Вопрос Грениха, казалось, разозлил Мейерхольда окончательно. Минуту он изображал статую Командора, губы его были поджаты, крылья носа трепетали.
– Нет-с, – выжал из себя он наконец. – Никто вчера не репетировал-с ночью-с.
Константин Федорович вынул платок и принялся отирать с пальцев шоколад. Уже начинала сказываться бессонная ночь. Он ощущал непреодолимую усталость, смерть девочки израсходовала остаток мужества и терпения. На патетические выходки старого театрала уже не оставалось никаких сил.
Пожав плечами, он вышел на воздух. Солнце село, народ не расходился. Где же Рита?
Тут перед глазами проплыла толпа актеров – явились на вечерний прогон. Грених с облегчением увидел промелькнувшую знакомую косынку – Рита потерянно озиралась, прошла мимо, не обратив на Грениха внимания, не увидев его. Он хотел было догнать, окликнуть – нужно ведь хоть ее расспросить о том, что же случилось ночью.
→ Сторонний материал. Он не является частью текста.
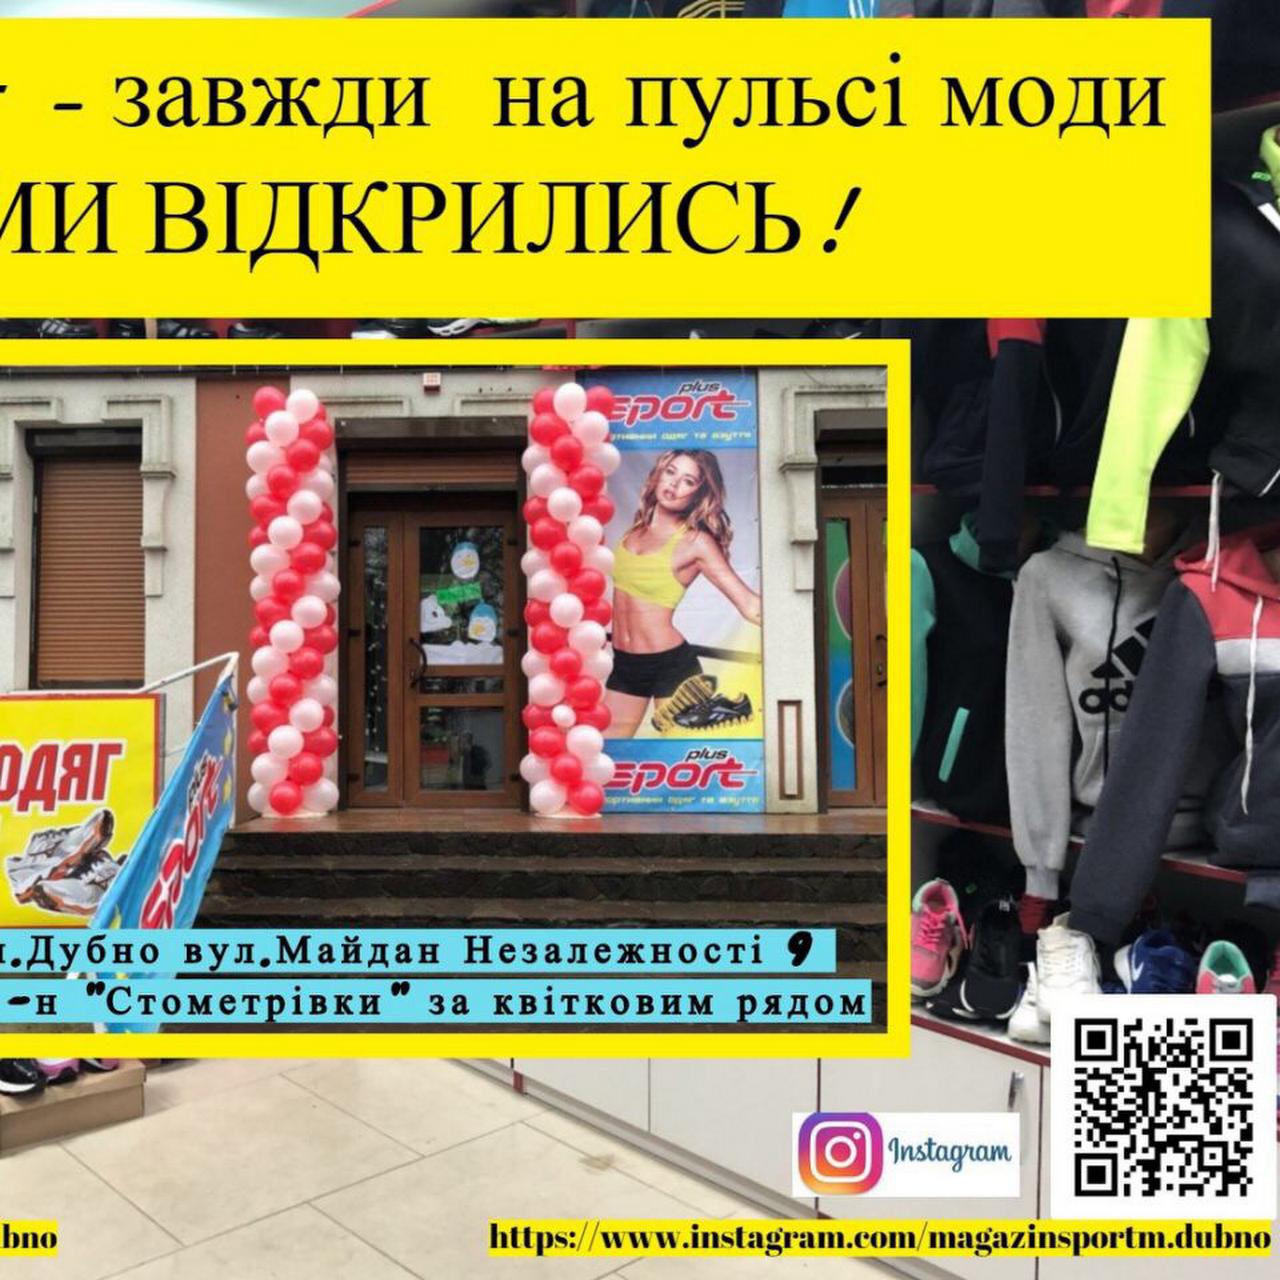 Магазин спортивного одягу та взуття SPORTPLUS - Магазин спортивного ... 2210ce1591027

Но в голове внезапно родилась идея покончить со всем этим ночным безобразием сегодня же, ни Риту, ни Мейерхольда не предупреждая. Режиссера, похоже, ничего не интересовало, кроме его новой постановки.
В таком деле брать надо было только с поличным, чтобы уж никто не мог отвертеться. А так поодиночке каждый участник только отнекиваться будет, юлить и изворачиваться. После смерти Лиды уже никто правды о своей причастности не раскроет, будь даже она косвенной.
Грених дал себе слово вернуться домой, достать свой пистолет, который спрятал в подпол в ванной, почистить его, зарядить и ворваться в здание ГосТиМа вооруженным в разгар собрания. С собой нужно взять фонарик, потому что светом заправлял кто-то за кулисами, нож, если пистолет будет бесполезным, и Петю, если тому разбойничья вылазка покажется заманчивым предложением. Они имели право постоять за поруганную честь своих пациентов.
Мезенцев как раз выходил наружу из здания кондитерской фабрики, когда с проезжающего мимо трамвая «Б» соскочил Воробьев.
– Я мчался со всех ног. Что тут случилось?
– Ты Синцова устроил? – тут же спросил Грених.
– Его старшая медсестра приняла, все ваши распоряжения ей передал.
На черном «Рено» Мезенцева – машину, брошенную на углу театра, уставший Константин Федорович принял сначала за таксомотор, прошел мимо, не обратя никакого на нее внимания, – они покатили в здание Мосгубсуда разбираться с телами семейства Фоминых. За ними следовал грузовичок «Форд», на который погрузили Лиду.
В морге Грених работал, подсчитывая в уме, успеет ли закончить процедуру вскрытия до полуночи. Еще ведь с Петей надо поделиться задумкой про налет и почистить браунинг. Работал скальпелем, давал сухую справку о причинах смерти, а сам вспоминал, куда убрал коробку патронов – кажется, она где-то в ящике с инструментами под трубами или у раковины, в мешке с сухим алебастром, оставшимся после установления многочисленных перегородок по всему дому.